The problem
Keep the pictures out. Copy every line of the listing exactly.

Raw data
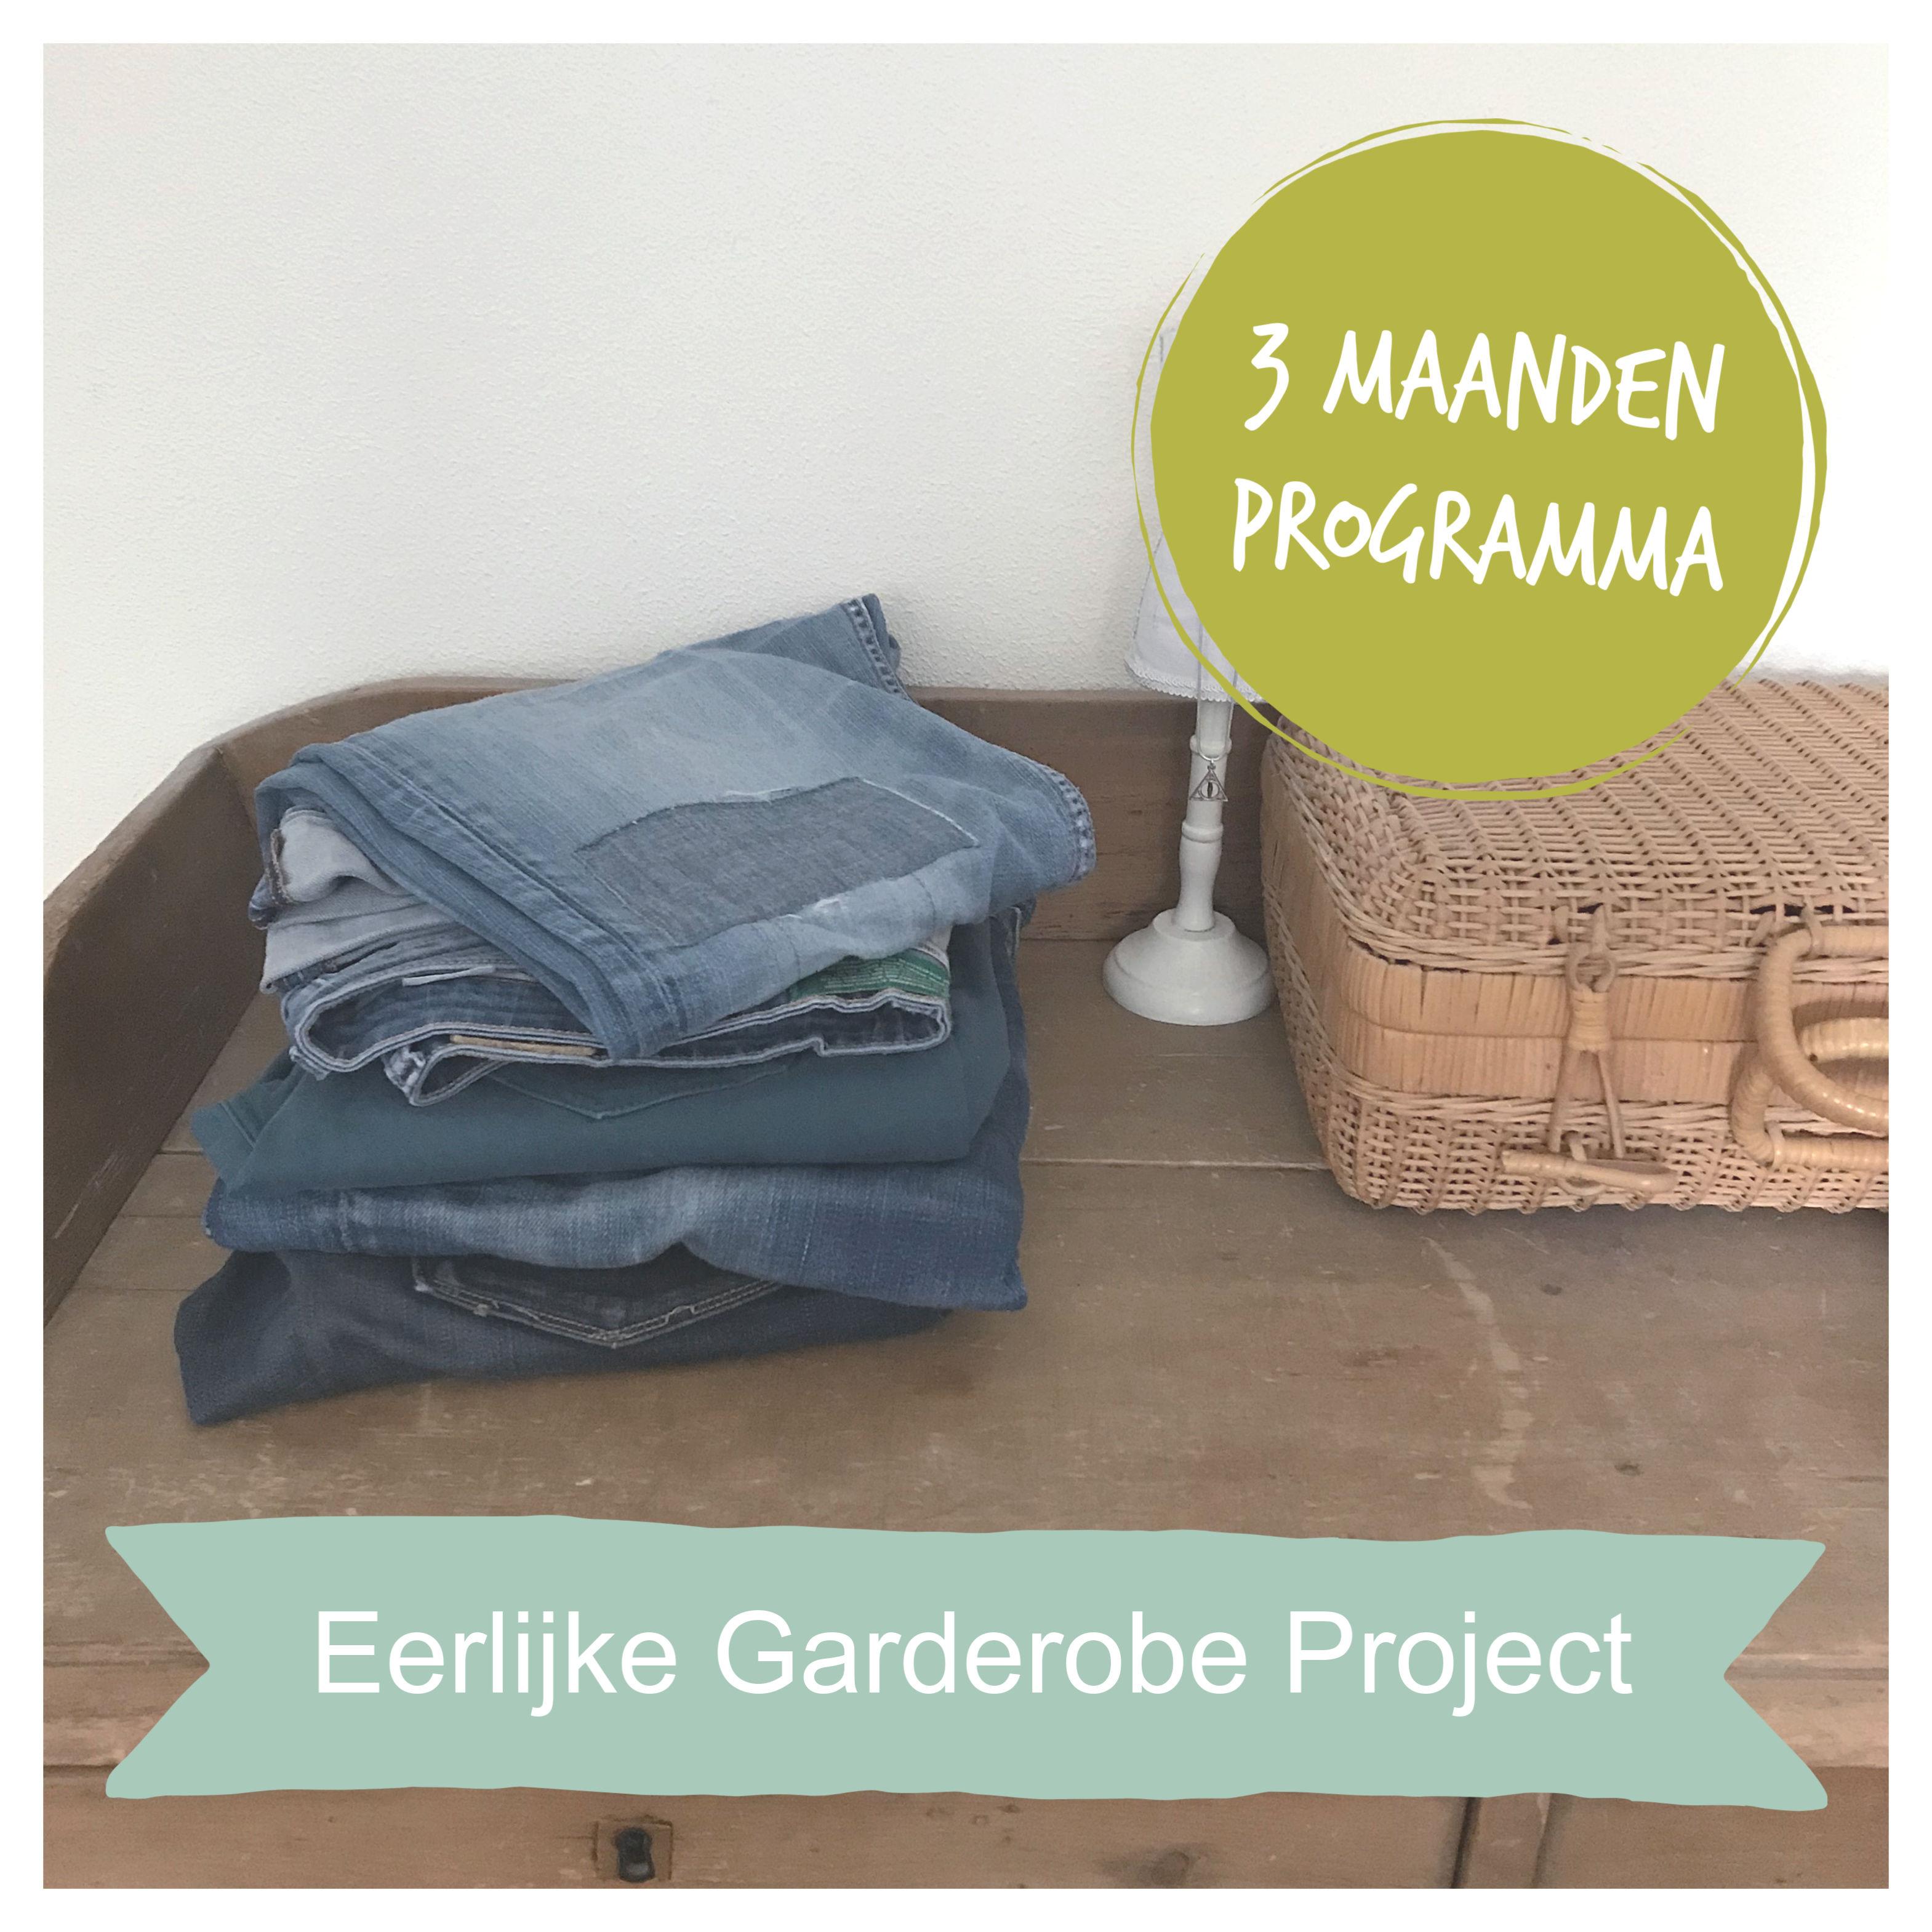 Eerlijke Garderobe Project (2)
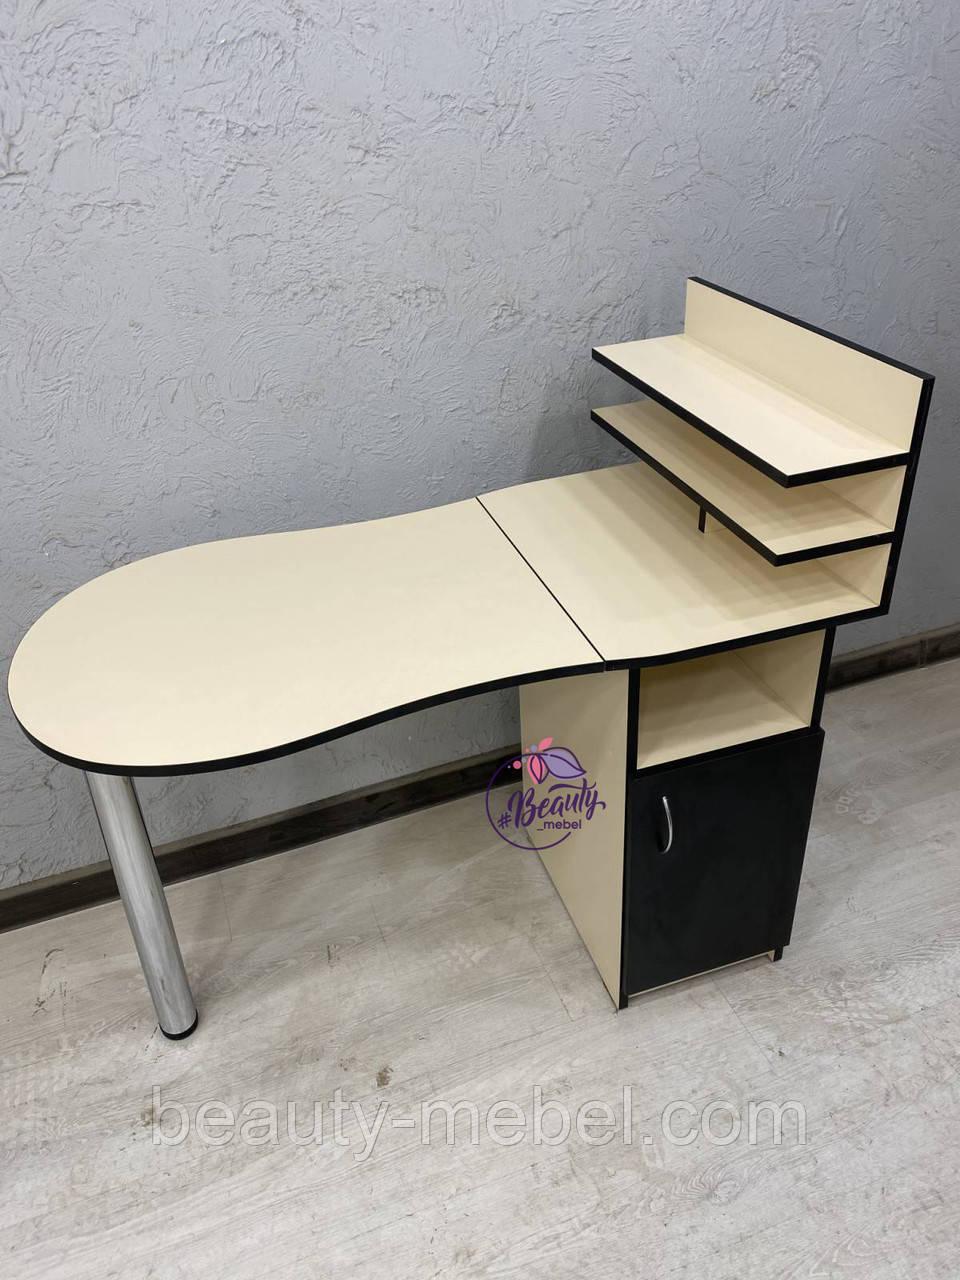 Маникюрный стол с полками для лаков, цвет - Кремовый.
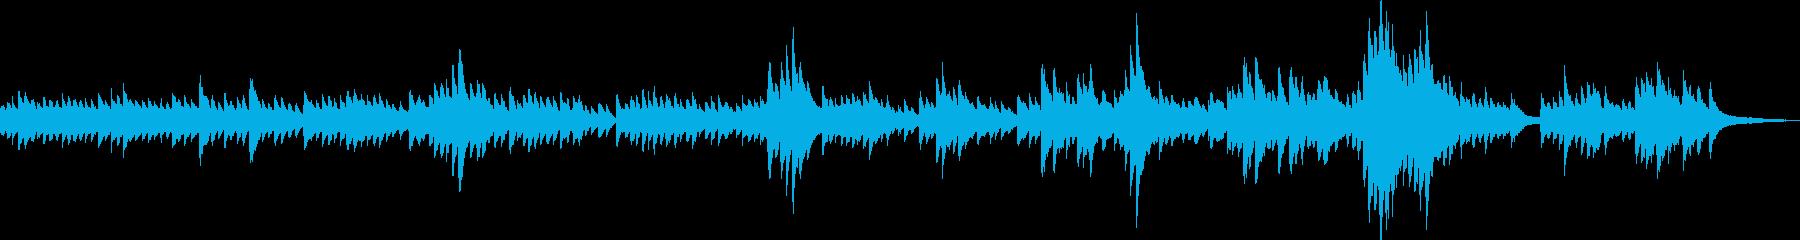 安らぎ(ピアノソロ・安心感・優しい)の再生済みの波形
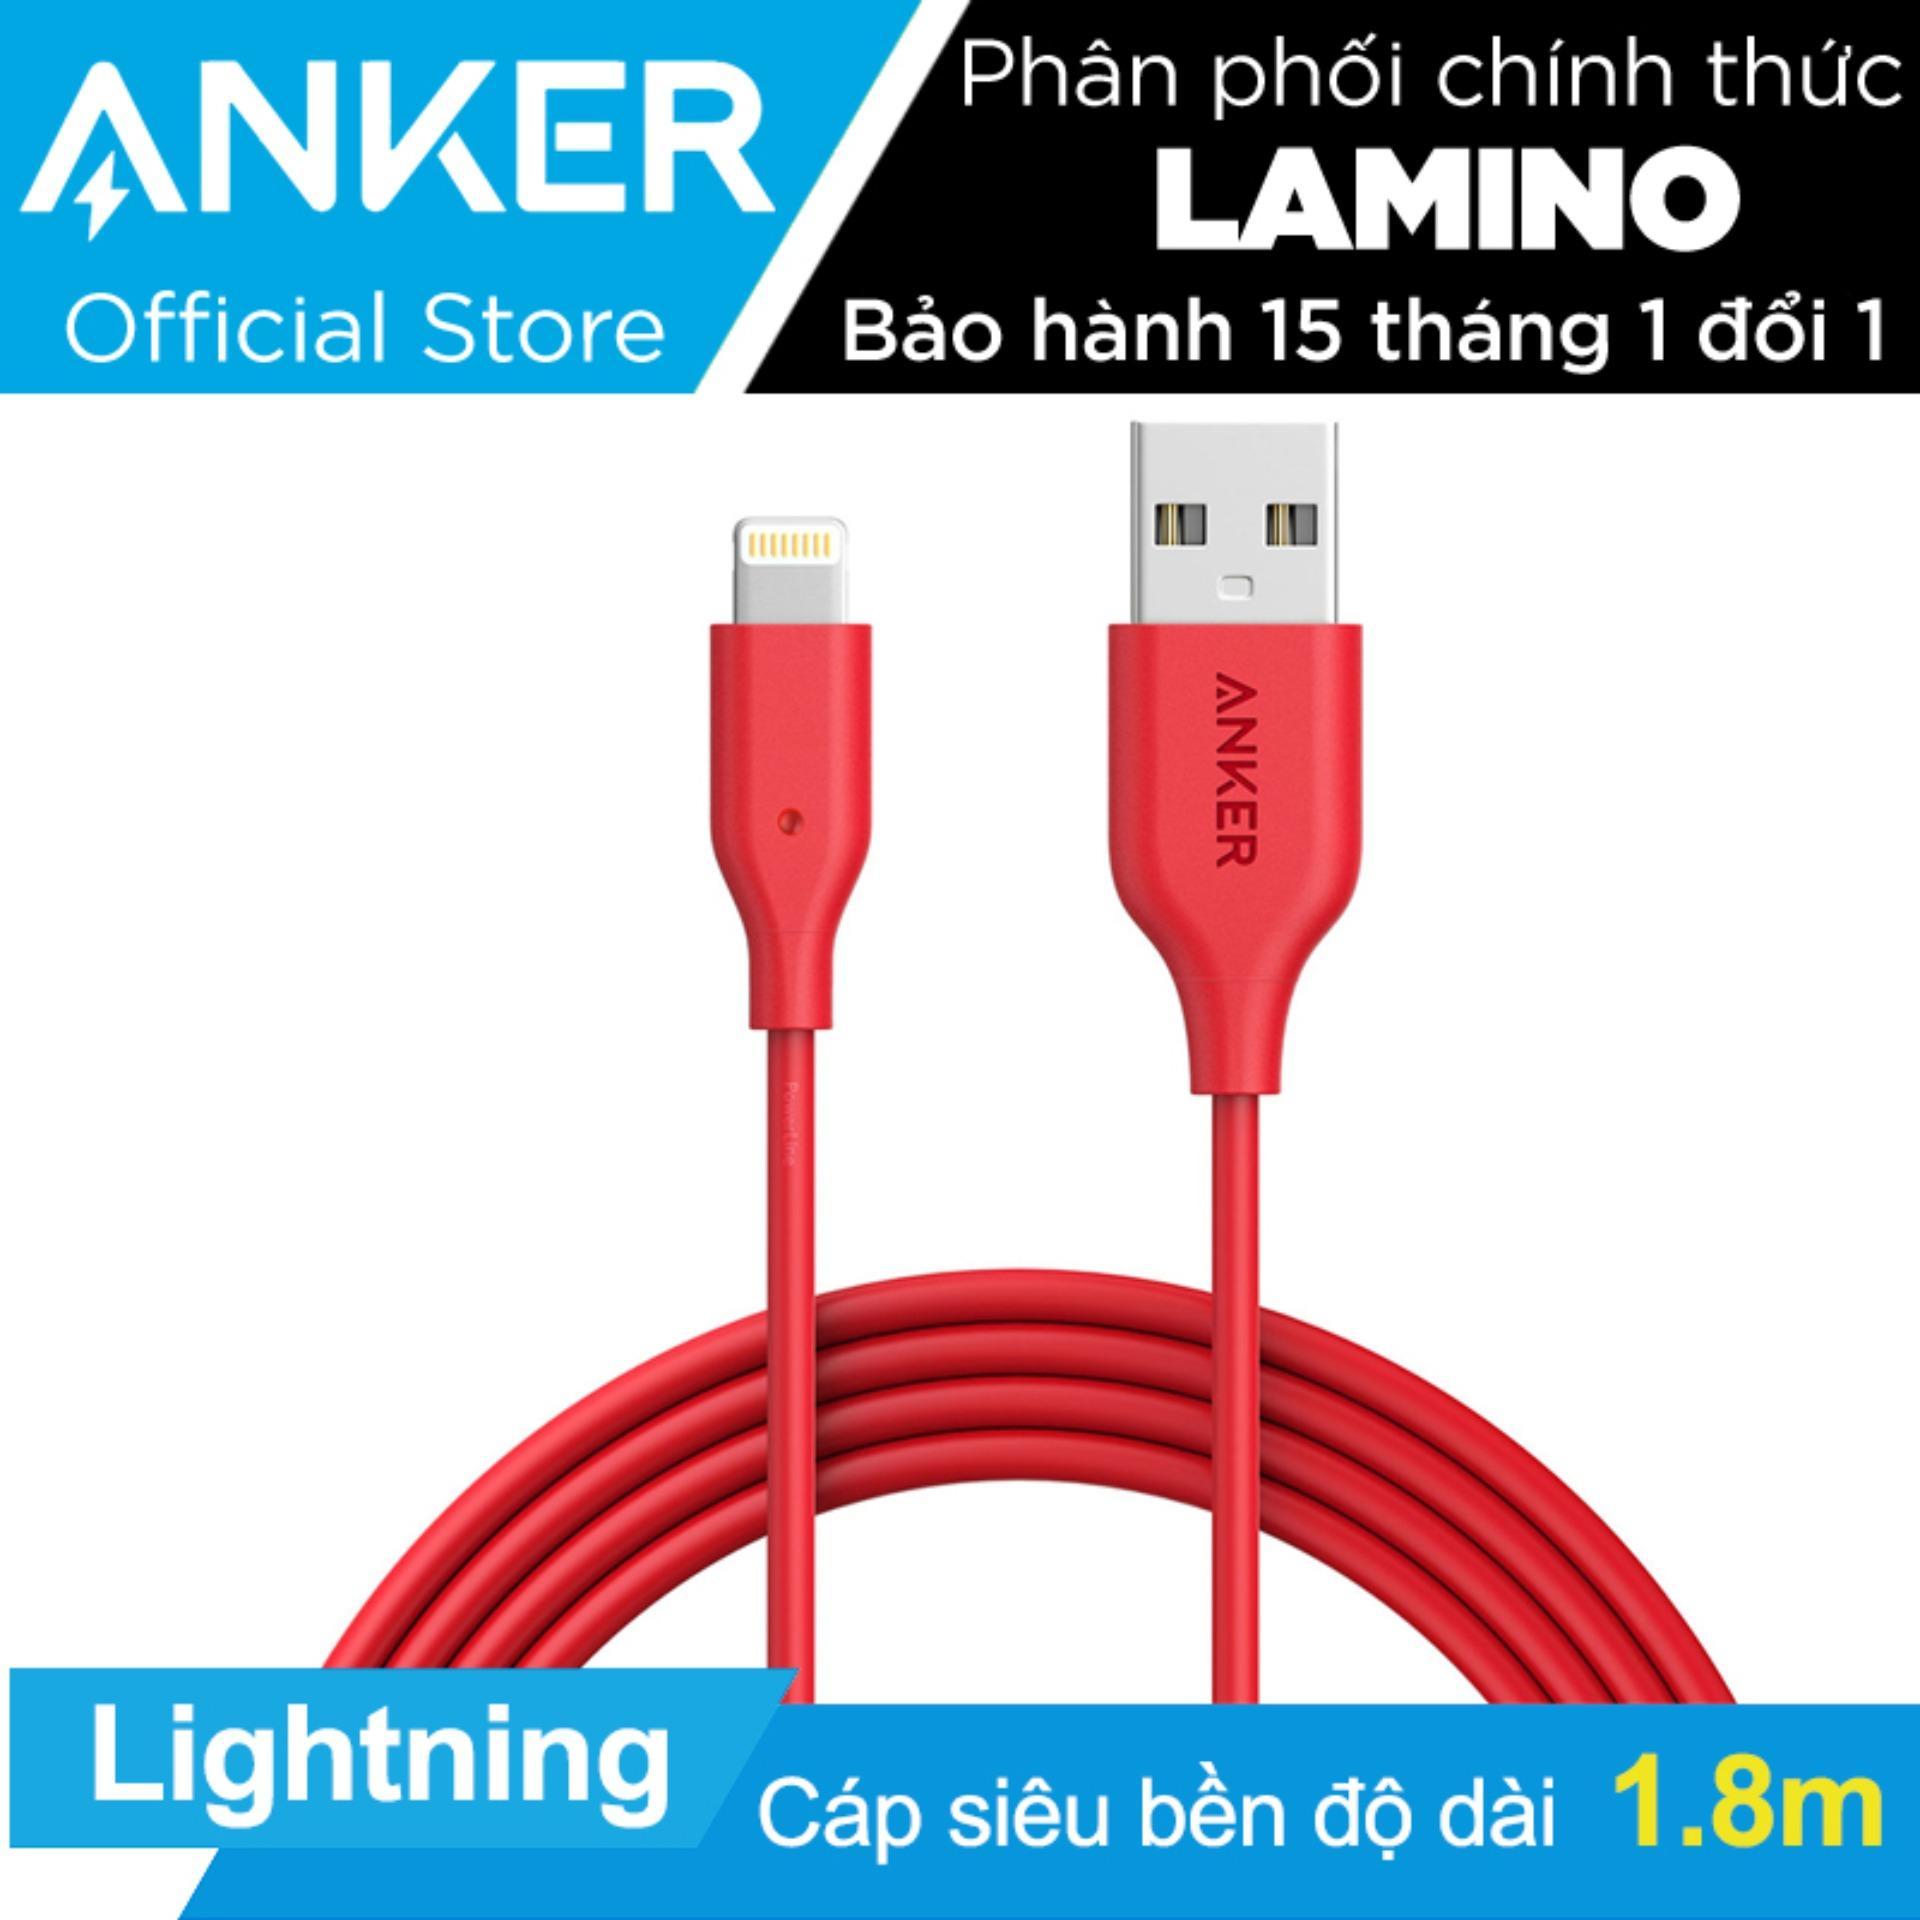 Bán Cap Sạc Sieu Bền Anker Powerline Lightning 1 8M Cho Iphone Ipad Ipod Đỏ Hang Phan Phối Chinh Thức Có Thương Hiệu

Answer
 Eerlijke Garderobe Project (2)
 Маникюрный стол с полками для лаков, цвет - Кремовый.
 安らぎ(ピアノソロ・安心感・優しい)の再生済みの波形
 Bán Cap Sạc Sieu Bền Anker Powerline Lightning 1 8M Cho Iphone Ipad Ipod Đỏ Hang Phan Phối Chinh Thức Có Thương Hiệu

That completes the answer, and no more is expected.